At the time of her death in 1984, Kalvak was one of the few remaining Inuit women in Ulukhaktok decorated with traditional beautifying facial kakiniq (tattoos).

In 1984 a competition was held to rename the Ulukhaktok Elihavik School and in 1985 it was renamed Helen Kalvak Elihakvik.

==Personal life==
Kalvak was married to Edward Manayok, a singer and drum dancer. He died at a coastal outpost camp at Walker Bay.
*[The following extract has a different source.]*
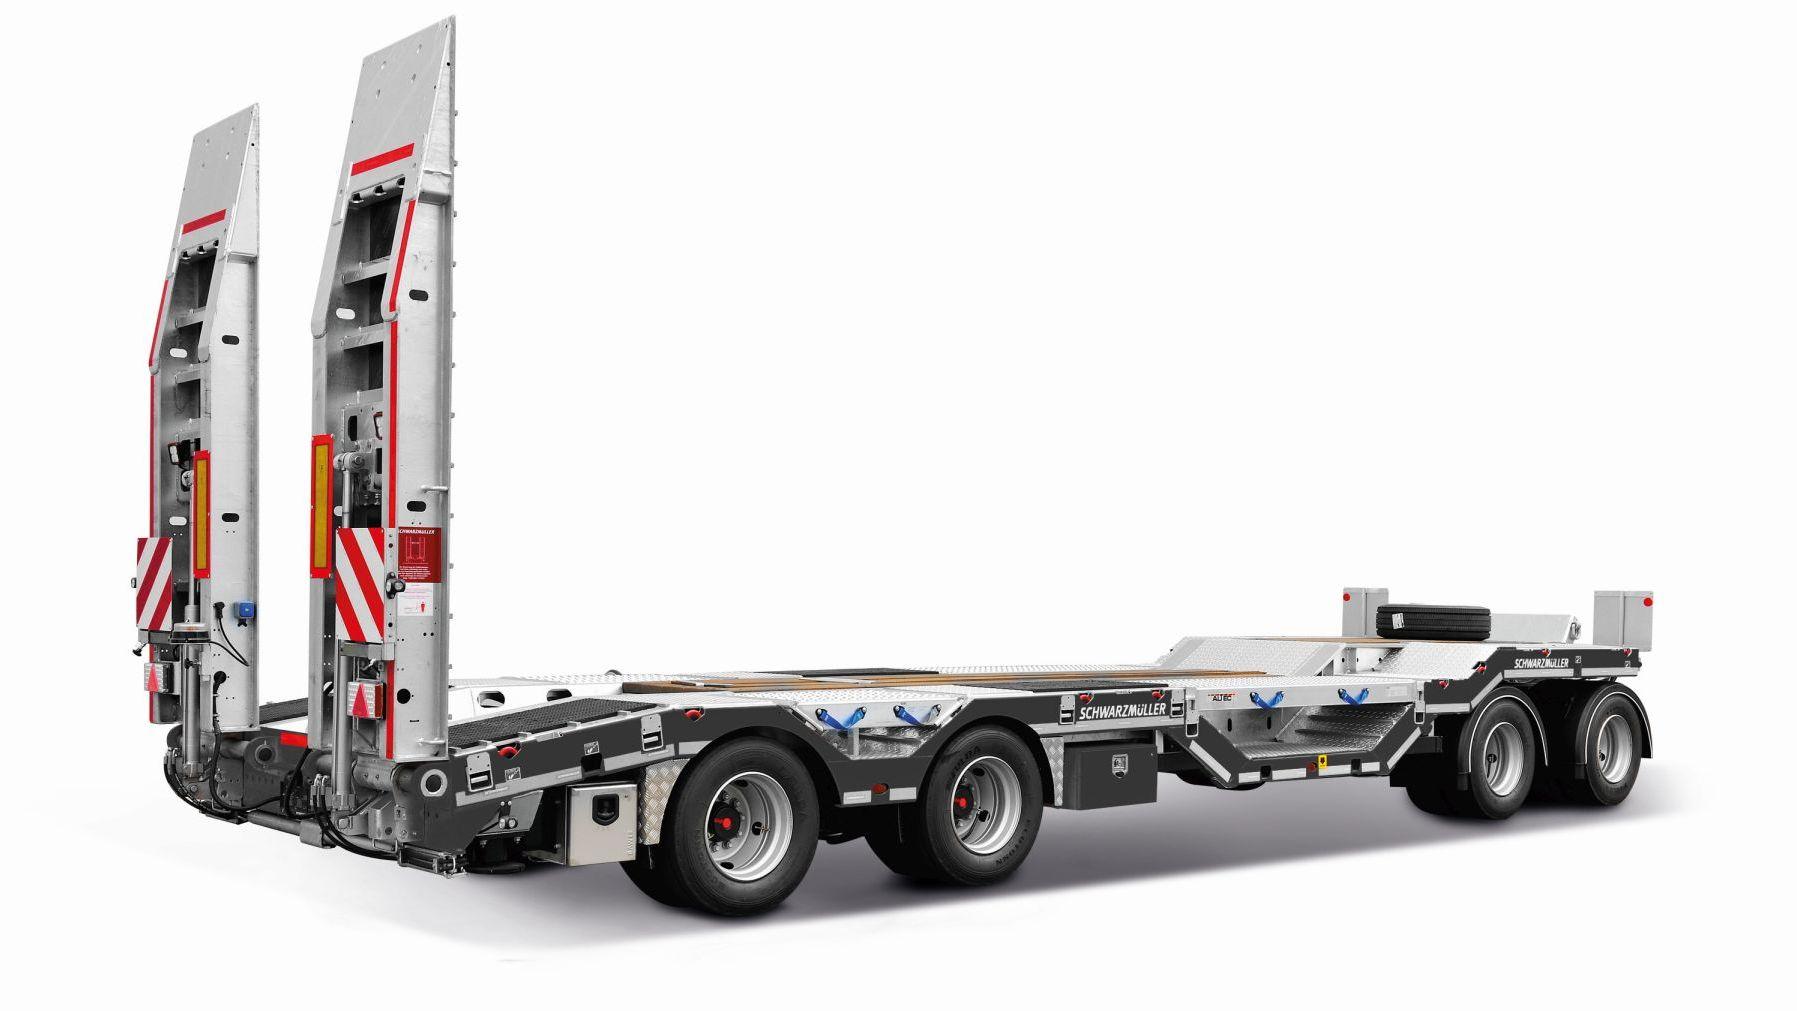 Il trasporto di macchine movimento terra vede il costruttore austriaco presente con una gamma di soluzioni versatili e polivalenti

Their daughter, Elsie Nilgak, states:

"When they were trying to start the Co-op my mother was given drawing paper to make drawings. She would make drawings when we were at our outpost camp at Walker Bay [on the coast north of Minto Inlet]. The drawings would show the way people used to dress and live. She did drawings for some of the sealskin tapestries also. There were about five women, including my mother, who sewed sealskins for the Co-op. I still remember the first drawings and designs by my mother for kamiks, parkas, mitts, and other craft items. There were about five women who made sealskin clothing and mats. I remember coming into Holman in the summer by boat to sell some of my mother’s finished drawings and I would get more art supplies to take back for her. This was after my father passed away [in 1960]."

Her granddaughter, Julia Manoyok Ekpakohak (born 1968), is also an artist. She was taught by Kalvak.